Sunday, 4:30
I thought it was interesting that Kolton Wong called the Rays "a bad organization" for not promoting his little brother Kean Wong. One, the Rays actually have a better record than the Cardinals, which kind of answers the "bad organization" stuff. Two, the Rays promoted outfielders Austin Matthews and Andrew Velazquez. And three, how much AAA baseball did Kolton really watch this year?
-- Suggested response by the Hall of Fame to Eric Dickerson's request that Hall of Famers be paid: "No. And for every year you boycott, you will not be invited the following year. Your move."
-- I got a kick out of the Oregon sign trolling its former coach, Willie Taggart. Said the sign: "You can't spell Willie without two L's." Appearing soon in Tallahassee: Willlie Taggart. Eventually, maybe Willllllie.
-- Did you hear that the Cleveland Browns now have a mascot known as the "Rally Possum?" Figures. The Browns finally get a mascot, and like the franchise itself, it's renown for appearing to be dead.
-- Minnesota? Wisconsin? How would Buffalo know? The Bills are in the state of confusion.
-- Possible nicknames for Minkah Fitzpatrick: 1. The Galloping Ghost. 2. Sweetness. 3. Hammerin' Hank.
-- Personally, I liked Missouri's strategy.
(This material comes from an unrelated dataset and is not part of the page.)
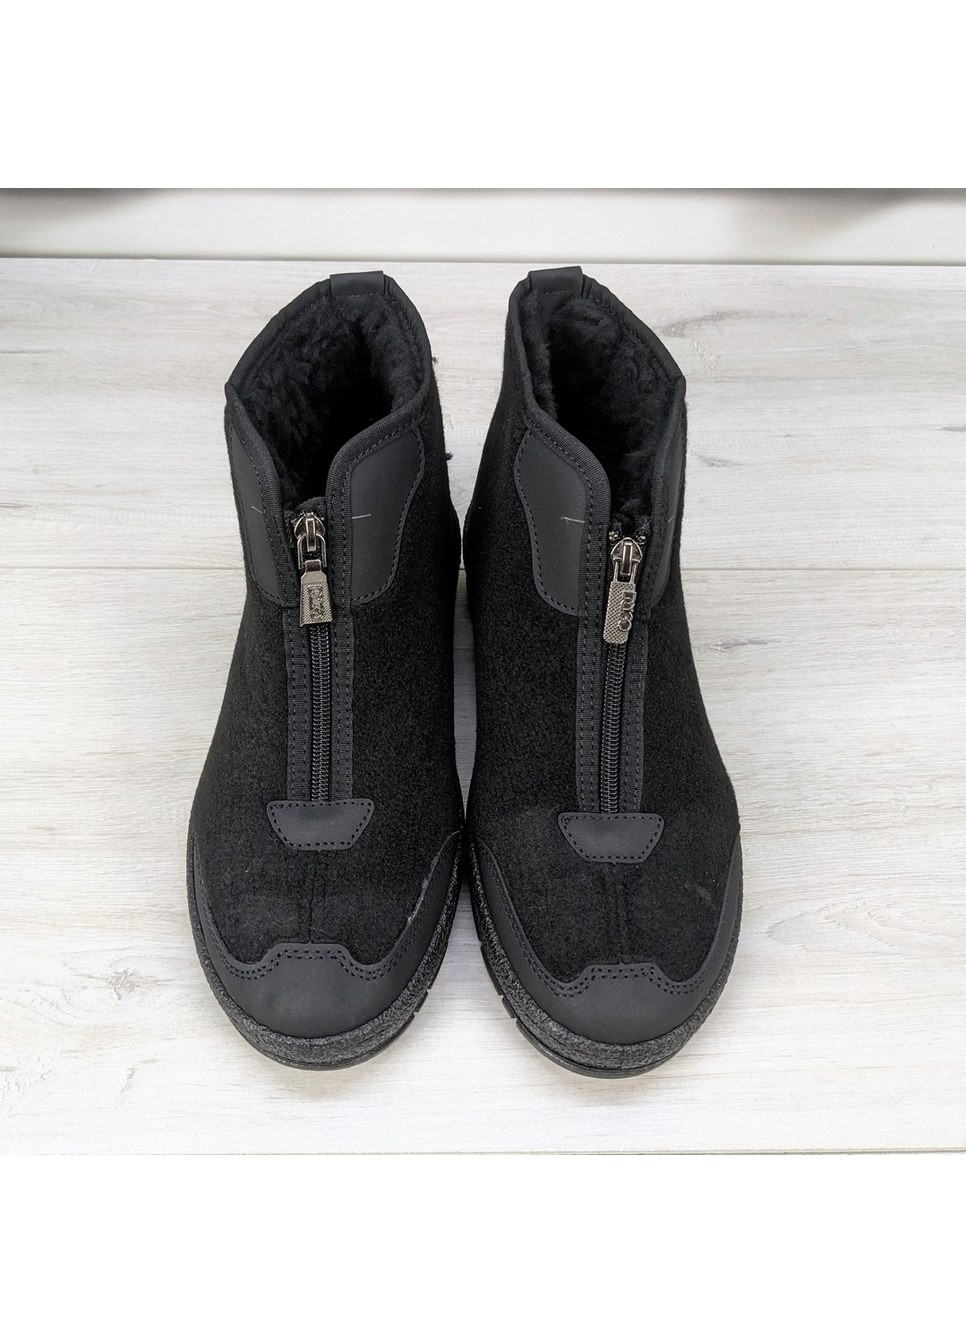 Черные зимние ботинки мужские войлочные бурки зимние на меху Dago

Try to make your players look as much like bananas as possible, and may d Georgia will slip.
-- Do you ever think that our streets would be safer if we didn't have so many cops escorting college football coaches? Do coaches need that much protection?
-- I wonder what Jameis Winston thought of seeing Houston's Jadevion Clowney get fined for trash talking and then making contact with an opponent while not playing.
-- The three pro teams in Florida are a combined 6-0 behind Ryan Fitzpatrick, Blake Bortles and Ryan Tannehill. In four of the six games, the three quarterbacks have had a rating of more than 100.0. And volcanoes are spewing out frogs.
-- Possible nicknames for Minkah Fitzpatrick: 1. Pistol Pete; 2. The Greatest; 3. The Sultan of Swat.
-- Just asking: Considering the state of the Bucs' running game, what would you give for a Le'Veon Bell of the Steelers. No, "Ronald Jones" is not an acceptable response. Nor is "Lars Tate."
-- Possible nicknames for Minkah Fitzpatrick: 1. Chocolate Thunder, 2. Wilt the Stilt, 3. Megatron.
-- Here's a new way to look at the MLB standings. The Chicago Maddons are three games ahead of the Rays. The Rays are 1 1/2 up on the L.A. Friedman's. The Rays ae 8 1/2 ahead of the Pittsburgh Archers. The Rays are 14 1/2 ahead of the San Francisco Longorias. The Rays are eight ahead of the Arizona Souzas. They're 42 games ahead of the Baltimore Cobbs.
-- Possible nicknames for Minkah Fitzpatrick: 1. The Ice Princess; 2. Broadway Joe, 3. Crazy Legs.
-- I saw a list of possible Halloween costumes was led by Tonya Harding. Let's see: You need a cigarette, a broken bootstrap and you need to lie like an Urban Meyer.
-- Orel Hershiser says that Clayton Kershaw is the best pitcher who ever lived, which would make him greater than Sandy Koufax, Bob Feller, Cy Young, Bob Gibson, Nolan Ryan, Greg Maddux, Roger Clemens, Walter Johnson, Christy Matthewson or Mariano Rivera. Well, no.
-- Possible nicknames for Minkah Fitzpatrick: 1. The Mad Stork; 2. Shoeless Joe; 3. Prime Time.
-- Let me get this straight: Damontae Kazee hits Cam Newton ib the head, and Torrey Smith shoves him. And the NFL fines both an equal amount. I know justice is blind, but shouldn't it ask someone who can see the game film?
-- As it turns out, Vontae Davis doesn't work hard for the money.
-- This just in: You can watch Eric Dickerson walk down the street for $13.
-- Possible nicknames for Minkah Fitzpatrick: 1. Three-Finger; 2. Jingle Joints; 3. The Honey Badger.